# Problem
Return all the data below as it stands, minus the pictures.

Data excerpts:
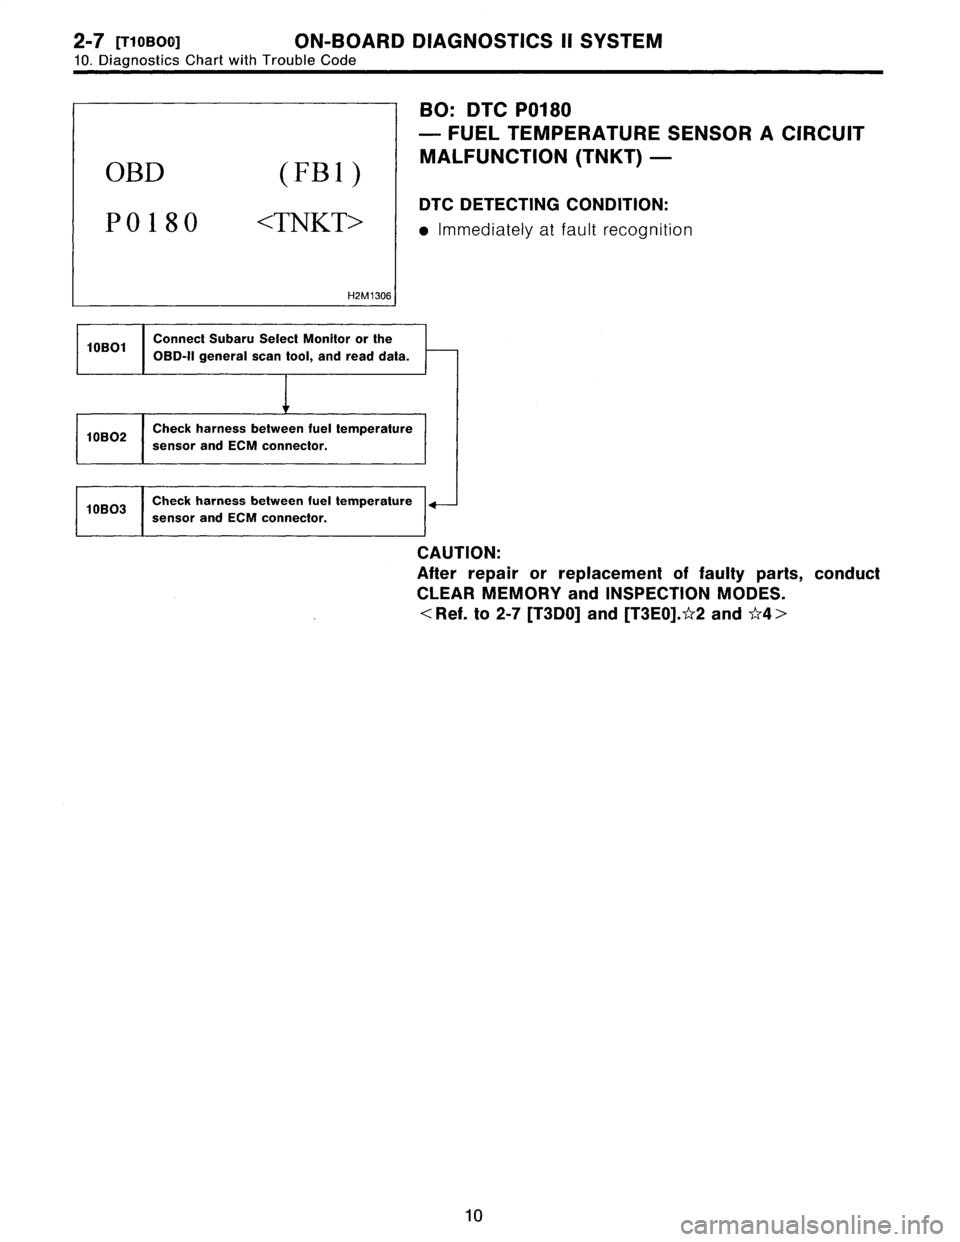 SUBARU LEGACY 1996  Service Repair Manual 2-7
[T10BOa]
ON-BOARD
DIAGNOSTICS
II
SYSTEM

10
.
Diagnostics
Chart
with
Trouble
Code

OBD
(FBI)

P0180
<TNKT>

H2M1306

BO
:
DTC
P0180

-
FUEL
TEMPERATURE
SENSOR
A
CIRCUIT

MALFUNCTION
(TNKT)
-

DTC
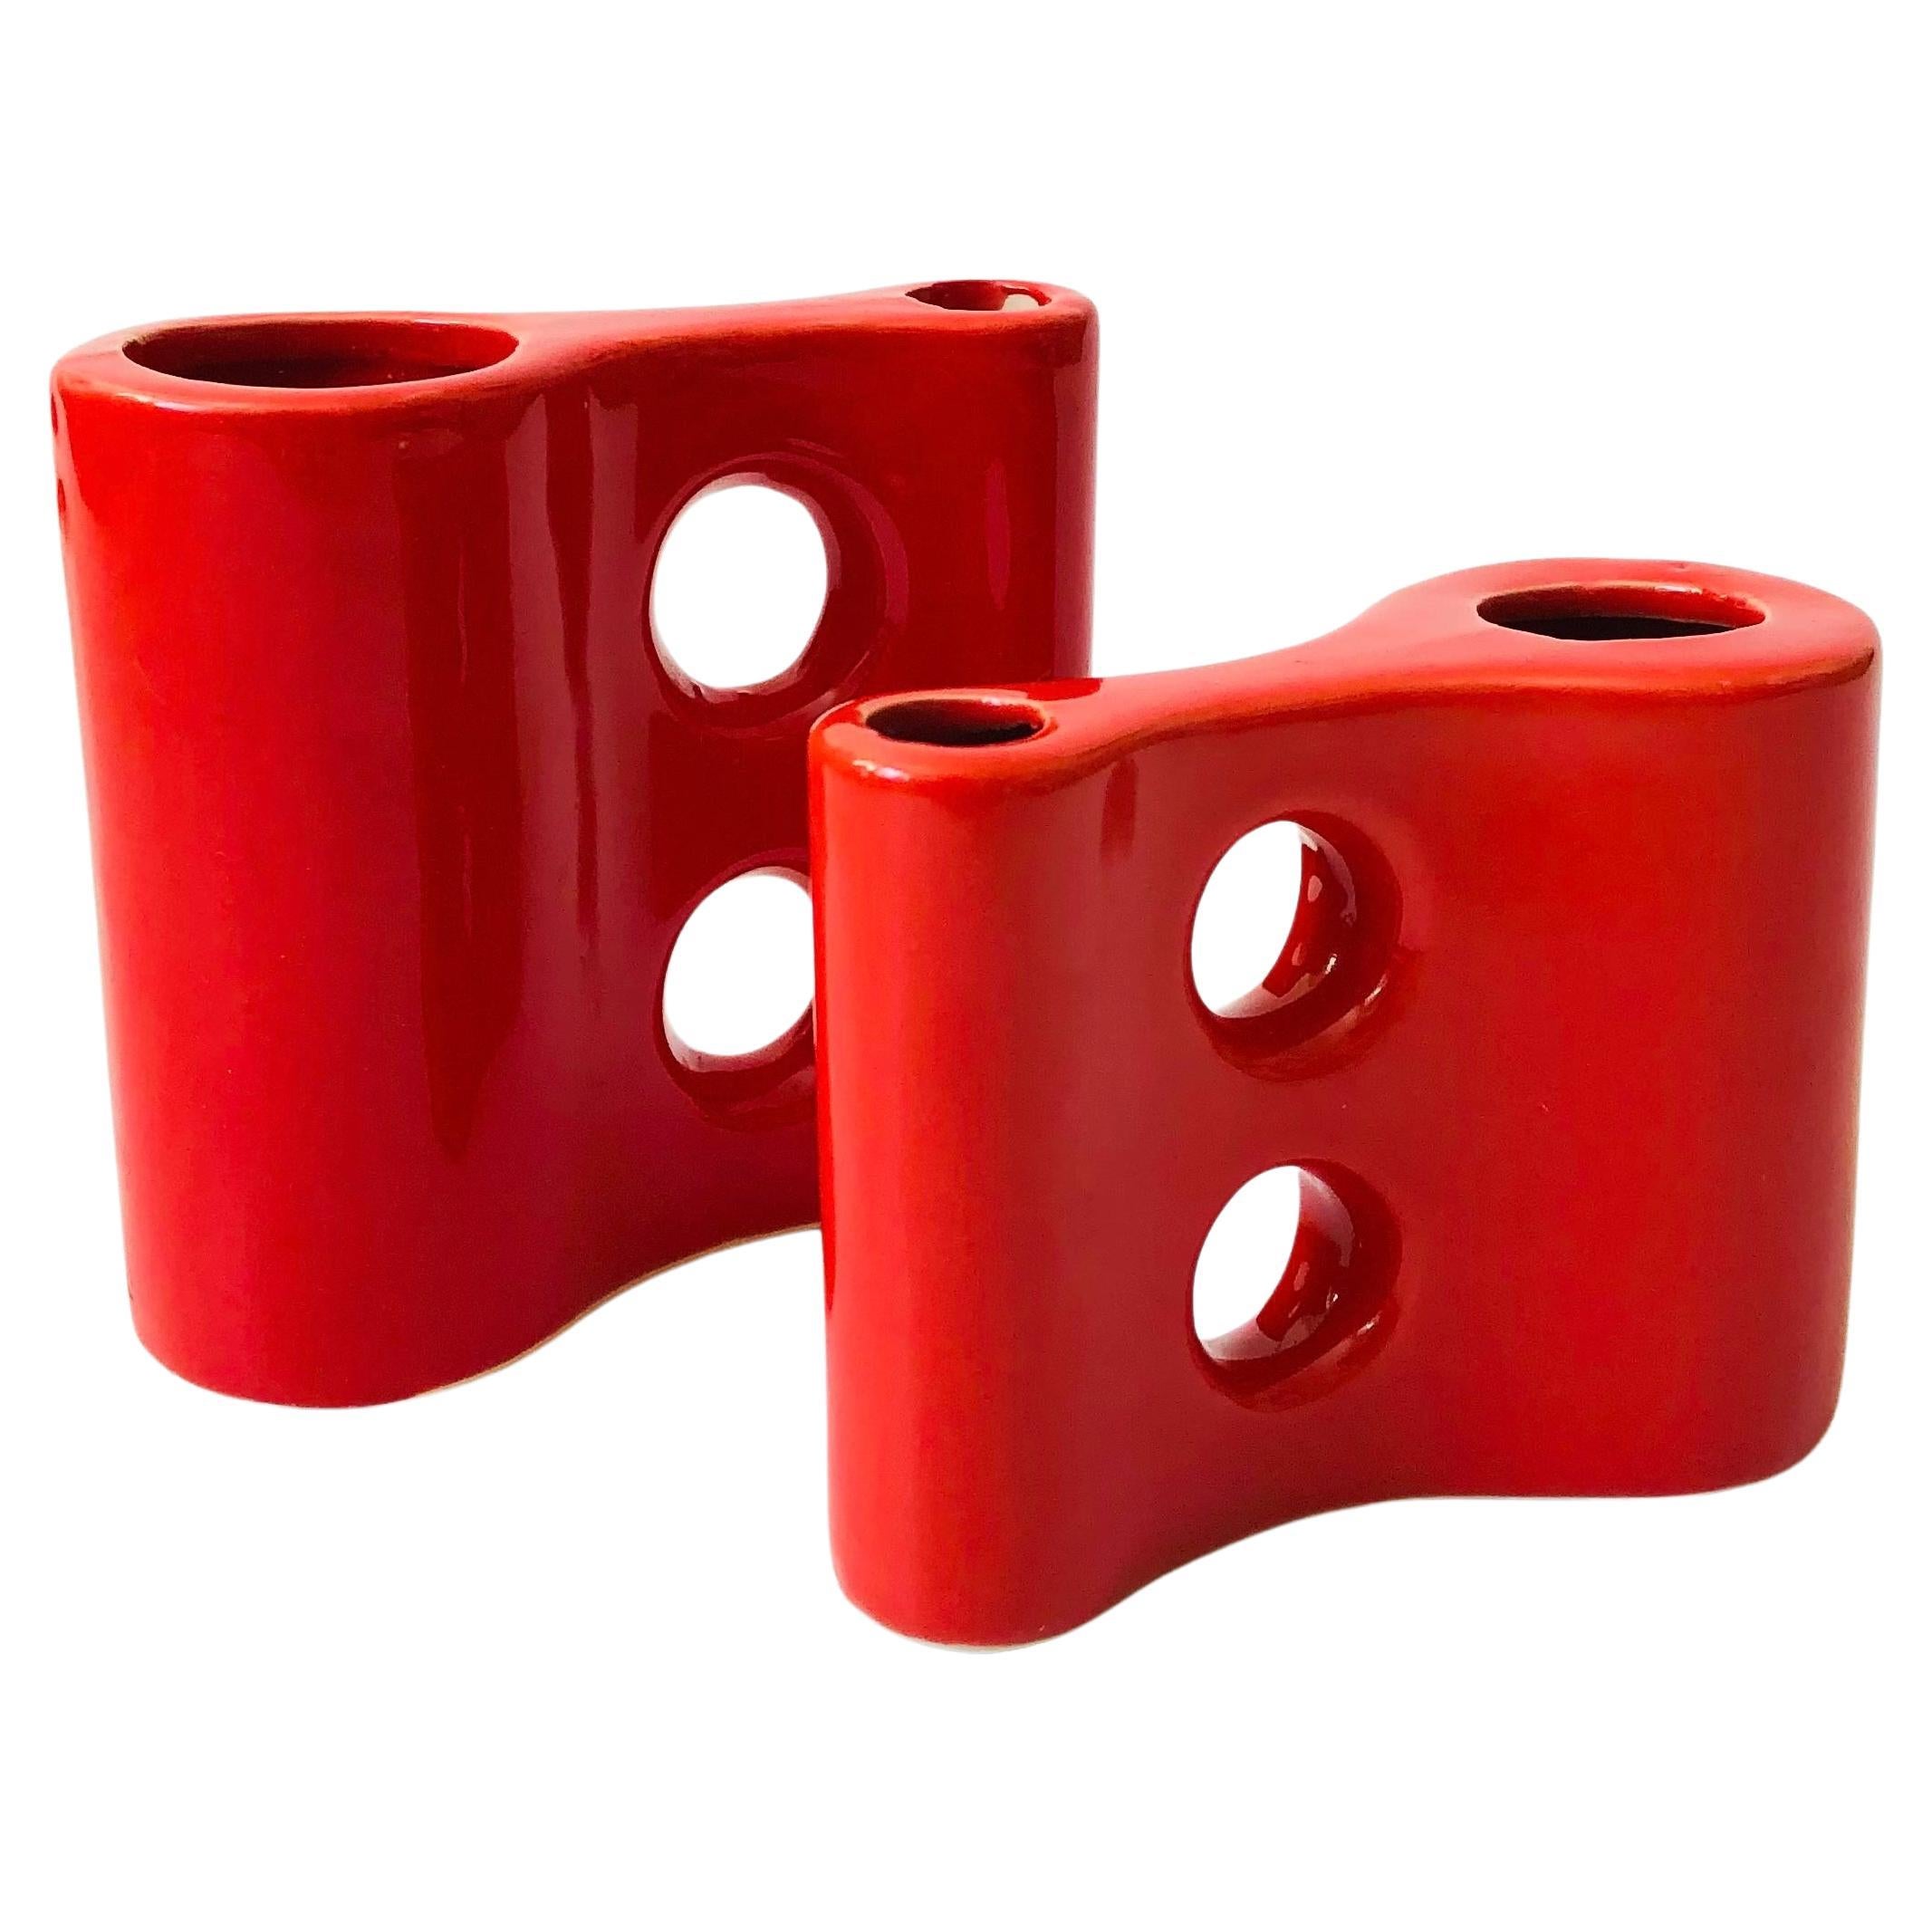 Sculptural Red Ceramic Vases - Set of 2 For Sale

# Result
 SUBARU LEGACY 1996  Service Repair Manual 2-7
[T10BOa]
ON-BOARD
DIAGNOSTICS
II
SYSTEM

10
.
Diagnostics
Chart
with
Trouble
Code

OBD
(FBI)

P0180
<TNKT>

H2M1306

BO
:
DTC
P0180

-
FUEL
TEMPERATURE
SENSOR
A
CIRCUIT

MALFUNCTION
(TNKT)
-

DTC
 Sculptural Red Ceramic Vases - Set of 2 For Sale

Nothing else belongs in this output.